The respectful exchange stood out in a presidential election season where Republican nominee Donald Trump has nearly trademarked his brash style of ejecting protesters at his rallies.

Showing the divide is more than superficial, the vice president went on in his address to criticize Republican policies that give tax breaks to millionaires at the expense of those in the middle class.

Likening Trump's economic-policy proposals to those that led to the Great Recession, Biden next took aim at the Republican incumbent U.S. senator from Ohio.

Sen. Rob Portman's race against former Ohio Gov. Ted Strickland has become a focal point both for Republicans seeking to retain a Senate majority and Democrats hoping that Trump's low approval numbers will help them retake the control of the Senate.

At the Republican National Convention in Cleveland earlier this summer, Portman's absence fueled rumors of the party's reluctant embrace of Trump.

Biden urged voters to see through the theatrics.

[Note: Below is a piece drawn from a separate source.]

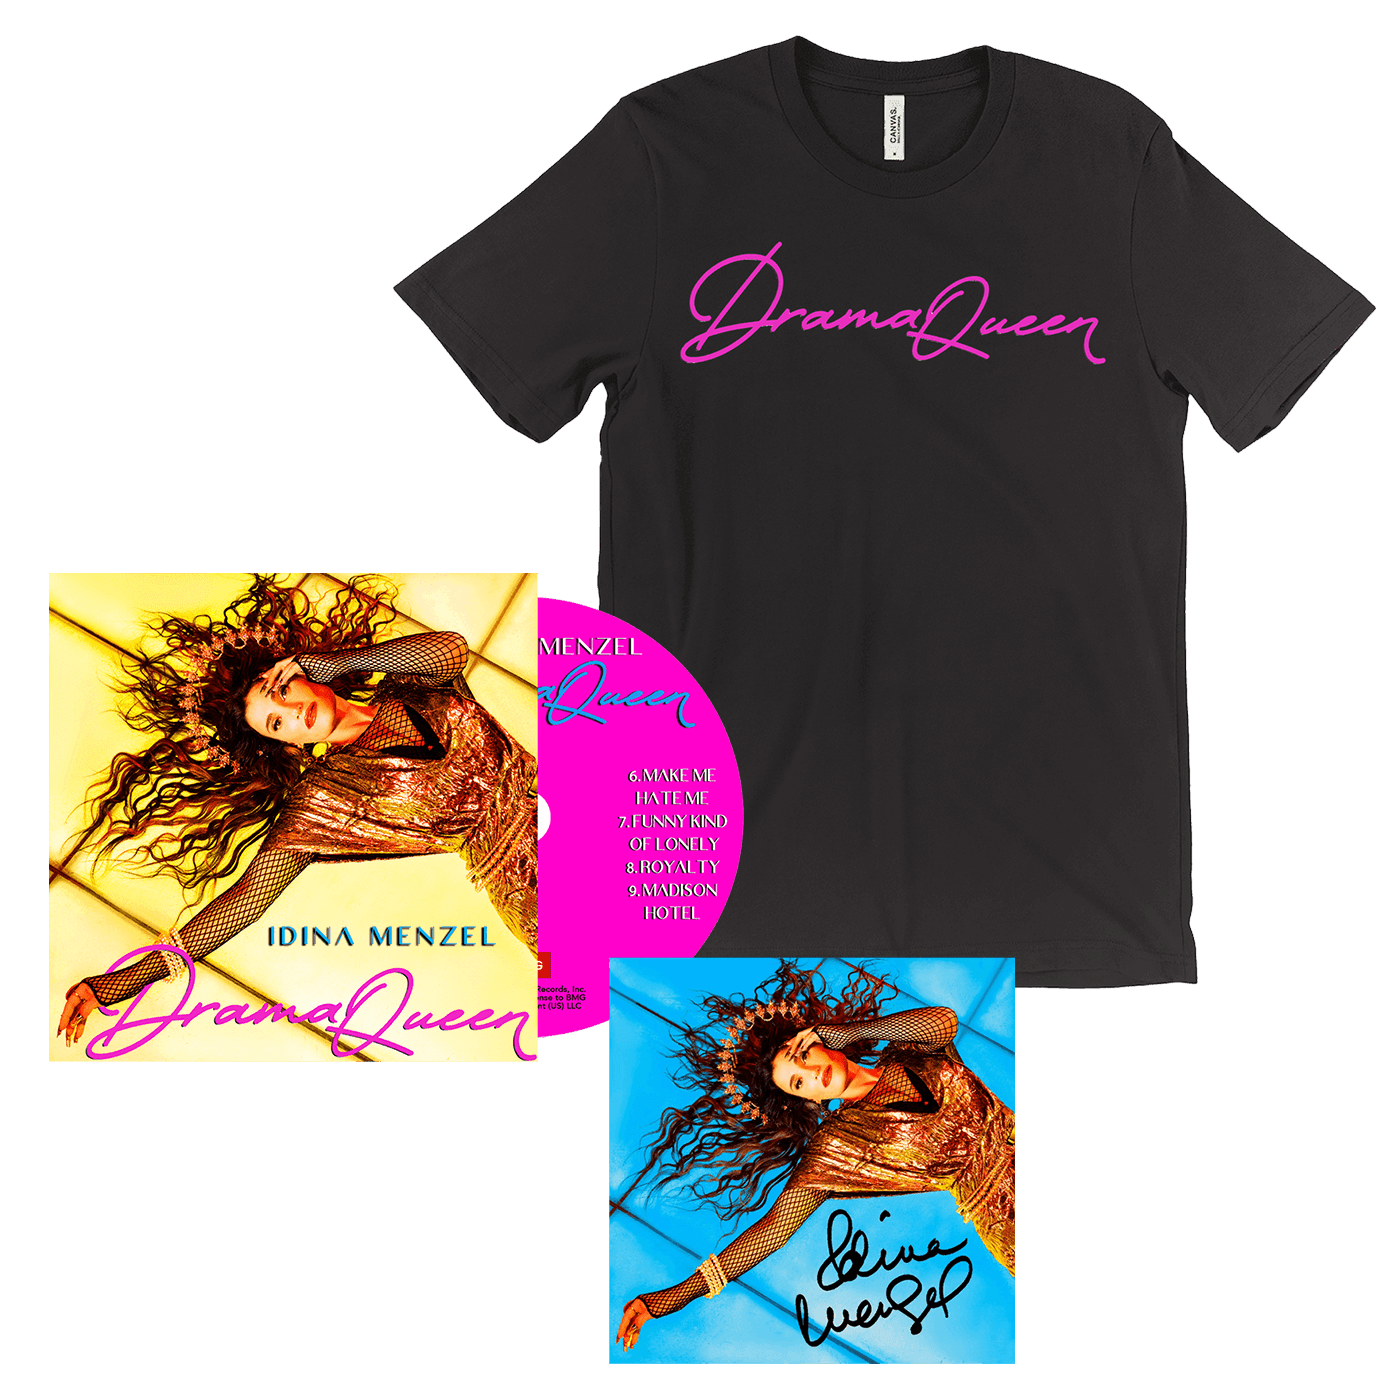 Drama Queen Tee + Signed CD
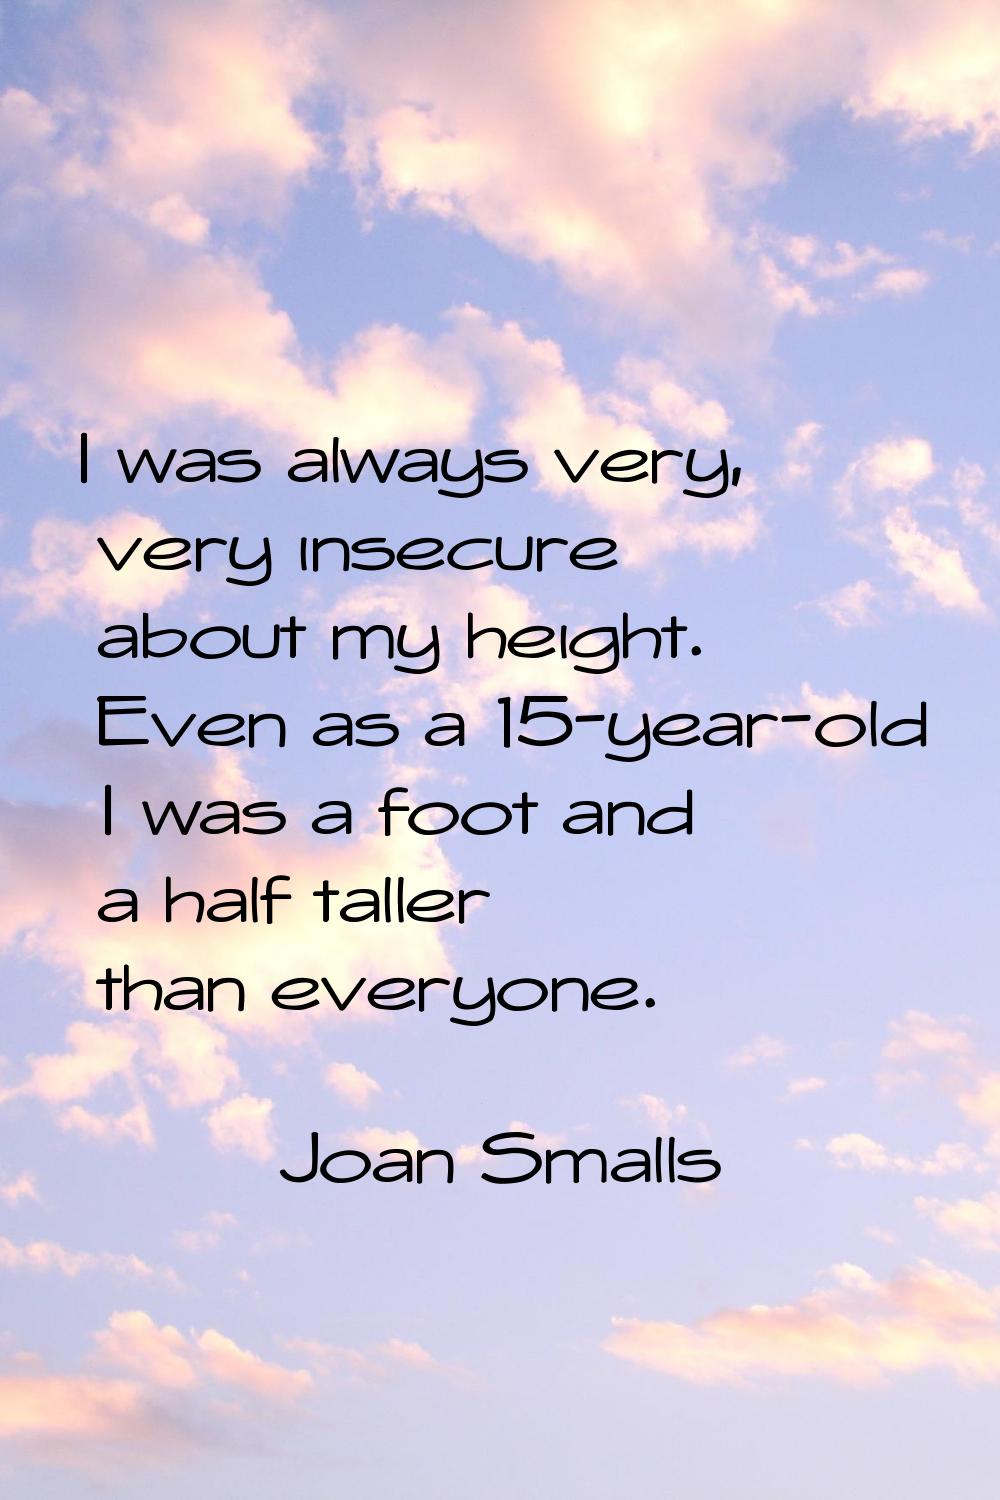 I was always very, very insecure about my height. Even as a 15-year-old I was a foot and a half tal

"Now true, Portman won't stand, I'm told, on the stage with Trump," Biden said. "But these guys are cut from the same cloth in one regard. Rob Portman was the architect of George W. Bush's economic policy."

"Why they hell did we end up in this Great Recession?" Biden asked the crowd. "It happened because of a budget and a philosophy of the Republican party."

Recent polling data collected by Real Clear Politics shows that Portman holds a comfortable lead over Strickland, but Democrats are hoping that Portman's failure to explicitly disavow Trump will open the door for a Strickland victory.

Portman has also sparked criticism joining the Republican Senate's unprecedented stonewalling of President Barack Obama's Supreme Court nominee, Merrick Garland.

In the audience Thursday, retired teacher Mary Ellen Murray praised Clinton's leadership skills and experience, saying they are more important than her likability.

Murray challenged discomfort over Clinton's history in politics. "Well, guess what," the Wadsworth, Ohio, voter said. "We have a democracy that has three branches of government that you have to know and understand."

Clinton's reputation in the world and her global outreach are vital attributes for Murray. "We can't isolate ourselves," she said. "It's not the 1930s."

On the other hand, Jerry Dragon, a retired truck driver from Middleburg Heights and a lifelong Democrat, said he cannot find a reason to vote for Clinton.

"The things that [Donald Trump] has said, I don't agree with," Dragon said. "But the things that Hillary has lied about hurts people."